Citation272 Mich. App. 289,725 N.W.2d 353
PartiesAmber NETTER, Plaintiff-Appellant, v. Sharon Rose BOWMAN, Defendant-Appellee.
CourtCourt of Appeal of Michigan — District of US

Bernstein & Bernstein (by Thomas B. Calcatera and Harvey M. Howitt), Southfield, for the plaintiff.

Secrest Wardle (by Michael L. Updike), Farmington Hills, for the defendant.

Before: WHITBECK, C.J., and HOEKSTRA and WILDER, JJ.

WHITBECK, C.J.

In this no-fault action,1 plaintiff Amber Netter appeals as of right the circuit court's order granting defendant Sharon Bowman summary disposition and dismissing the case. We affirm. We decide this appeal without oral argument.2

I. Basic Facts And Procedural History

On July 16, 2004, Amber Netter was a passenger in a stopped car when the car ahead, which Sharon Bowman was driving, backed up, causing a collision. The accident report described minimal damage to both vehicles and estimated that the impact speed was less than five miles per hour. At the time of the accident, Netter was a healthy 17-year-old, several months into an uncomplicated pregnancy with twins. Netter, complaining of burning or cramping pains, was hospitalized after the accident because she seemed susceptible to premature delivery. Netter gave birth to her twins several weeks prematurely.

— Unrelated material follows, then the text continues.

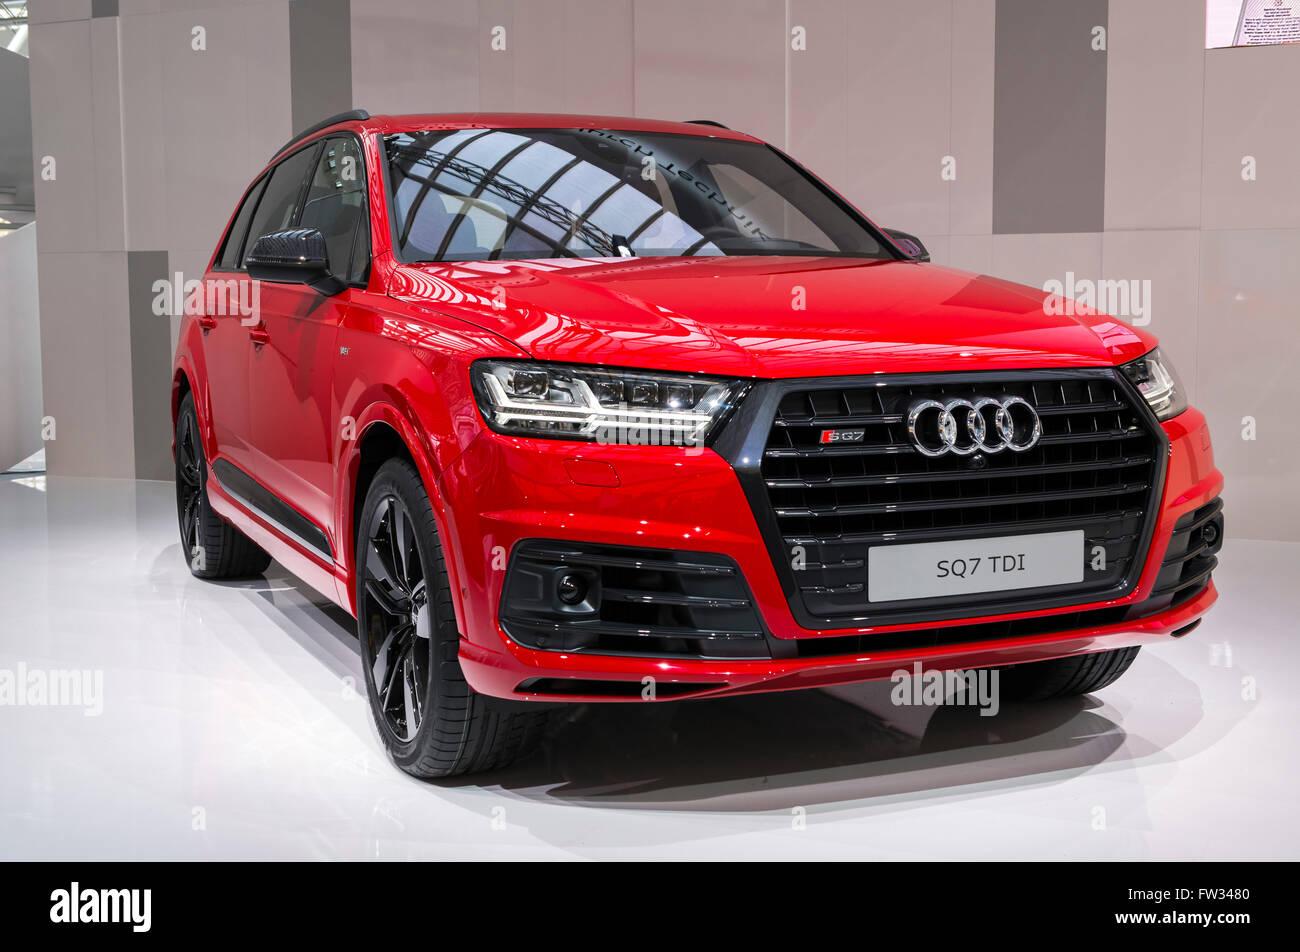 Audi audi sq7 tdi : Audi SQ7 TDI, built in 2016, Audi Forum event, Ingolstadt, Bavaria ...

Netter filed suit, asserting that the accident caused her to suffer various soft-tissue injuries and induced her premature delivery, leaving her suffering a serious impairment of body function. Bowman moved for summary disposition, arguing that Netter exhibited no objective sign of injury. The trial court granted the motion on the grounds that the premature birth itself engendered no actionable claim on Netter's part and that Netter otherwise failed to show that she had suffered an objectively manifested injury.

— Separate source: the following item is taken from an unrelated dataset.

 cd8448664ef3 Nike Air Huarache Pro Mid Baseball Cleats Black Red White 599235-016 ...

More specifically, with respect to the objective manifestation of injury, the trial court opined that there is a distinction between an injury that is medically measurable and an injury that is merely medically identifiable by a physician and has a physical basis. The trial court explained that Williams v. Payne established the test for objective manifestation as whether the injury was medically measurable.3 However, that test was eradicated, the trial court explained, by DiFranco v. Pickard, which held that all that was required was that the injury be medically identifiable and have a physical basis.4 The trial court opined that this change was "devised to negate the requirement of Objective Manifestation as ordinary people know it." But the trial court further explained that following DiFranco the Legislature amended the no-fault act5 to explicitly confirm the objective manifestation requirement. That is, according to the trial court, the addition of the objective manifestation language into the statute was the Legislature's attempt to write the Williams interpretation — medically measurable — back into the legal framework. Thus, the trial court opined that the DiFranco holding was the wrong construction to apply to determine objective manifestation.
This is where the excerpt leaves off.